#### MATERIAL FOR THIS EXERCISE:
---+---

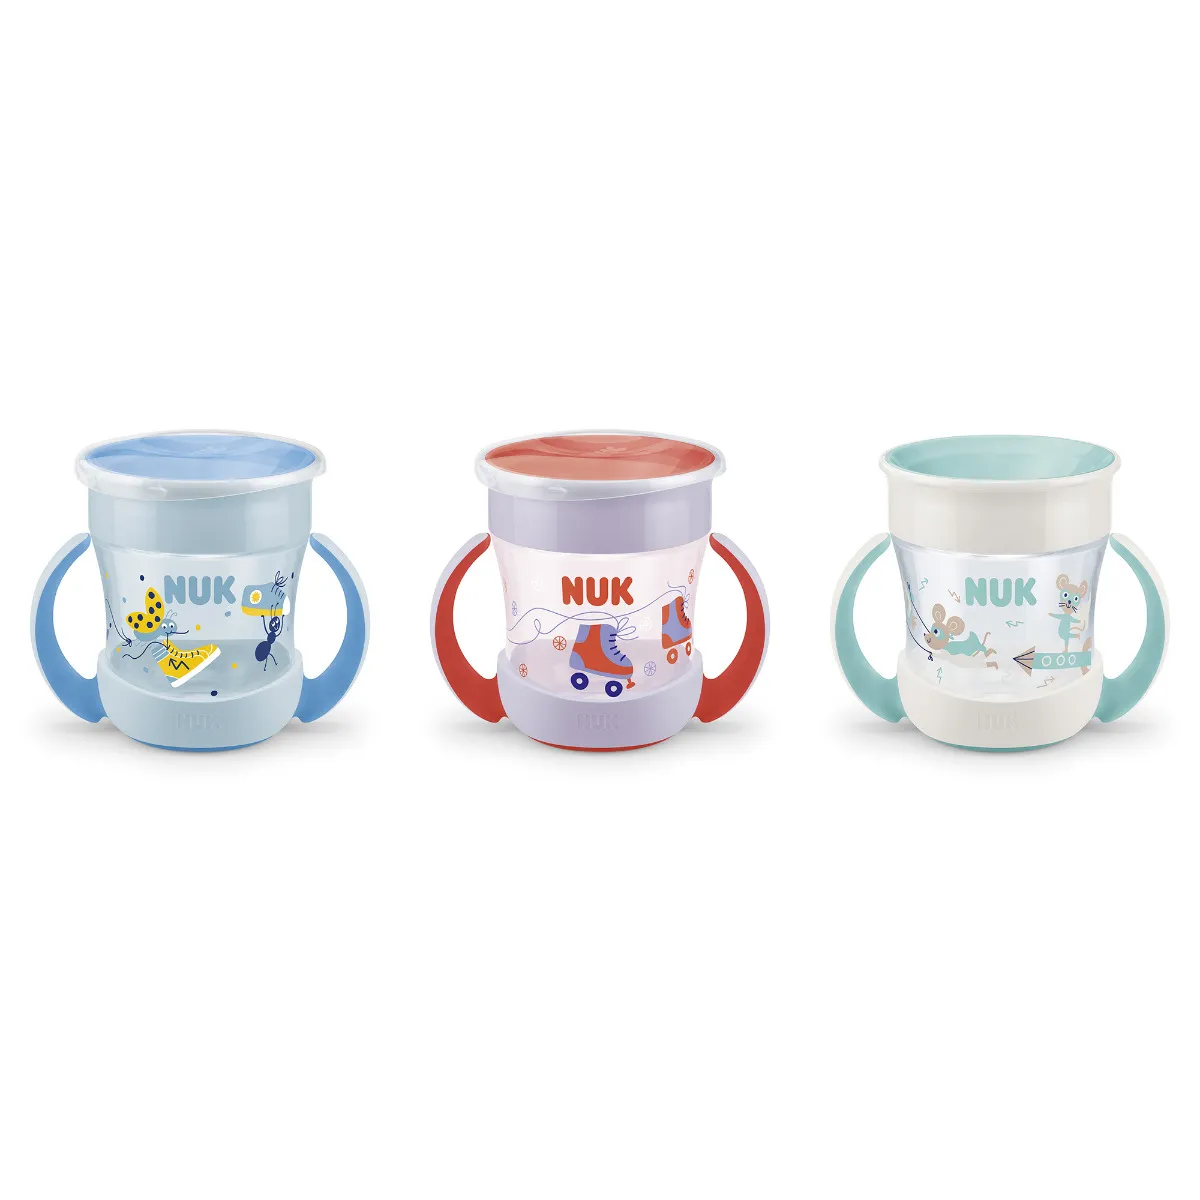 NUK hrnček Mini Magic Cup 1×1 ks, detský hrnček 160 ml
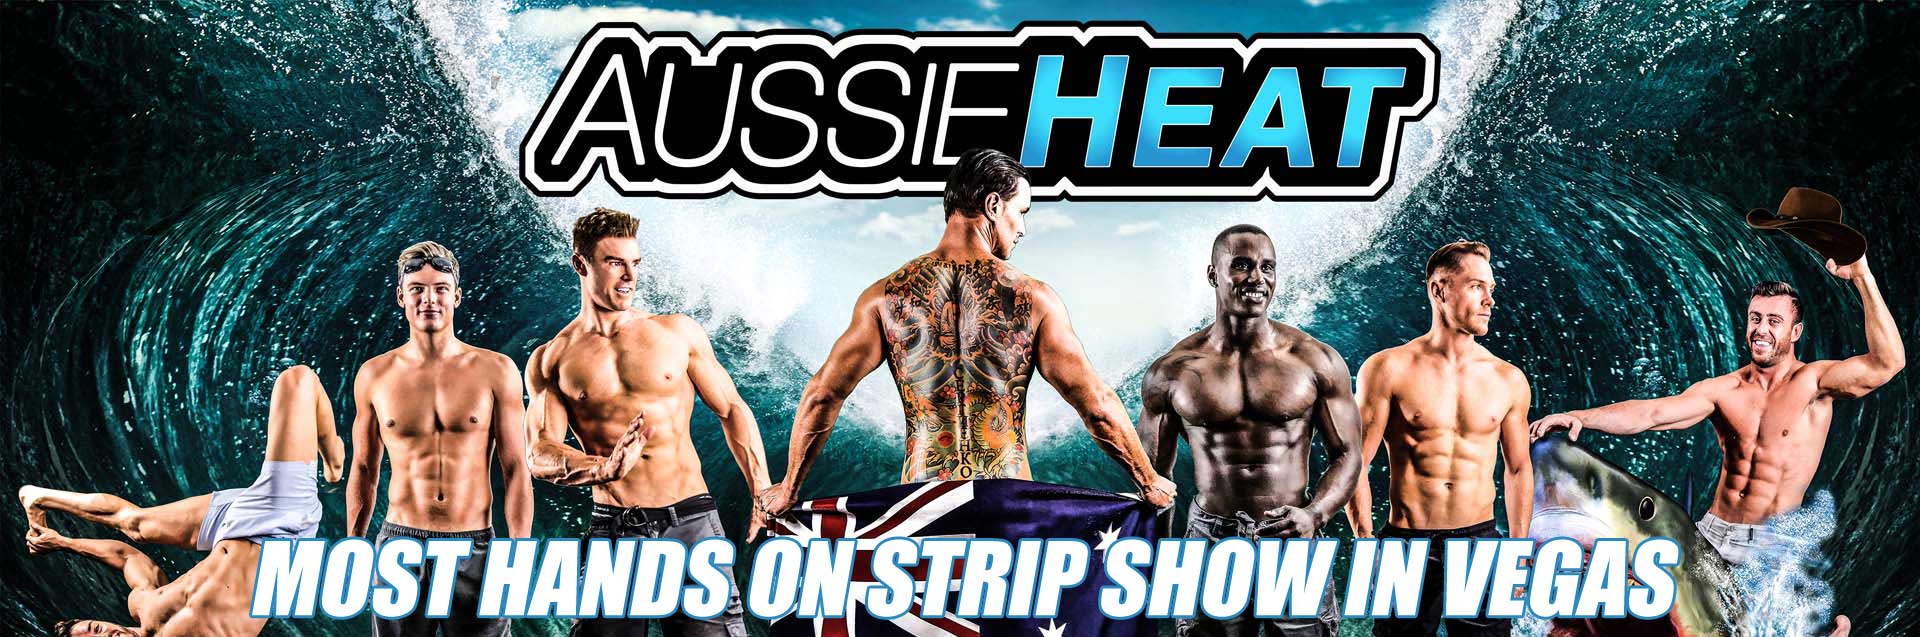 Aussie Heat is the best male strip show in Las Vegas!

---+---

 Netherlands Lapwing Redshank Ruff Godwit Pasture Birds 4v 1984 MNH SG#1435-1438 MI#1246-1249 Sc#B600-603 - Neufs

---+---

#### TASK INSTRUCTIONS:
In the listing above, find the line containing "NUK hrnček Mini" and the line containing "Aussie Heat is". Reproduce those lines and all between them exactly, with no pictures and nothing more.

#### ANSWER TO THE EXERCISE:
 NUK hrnček Mini Magic Cup 1×1 ks, detský hrnček 160 ml
 Aussie Heat is the best male strip show in Las Vegas!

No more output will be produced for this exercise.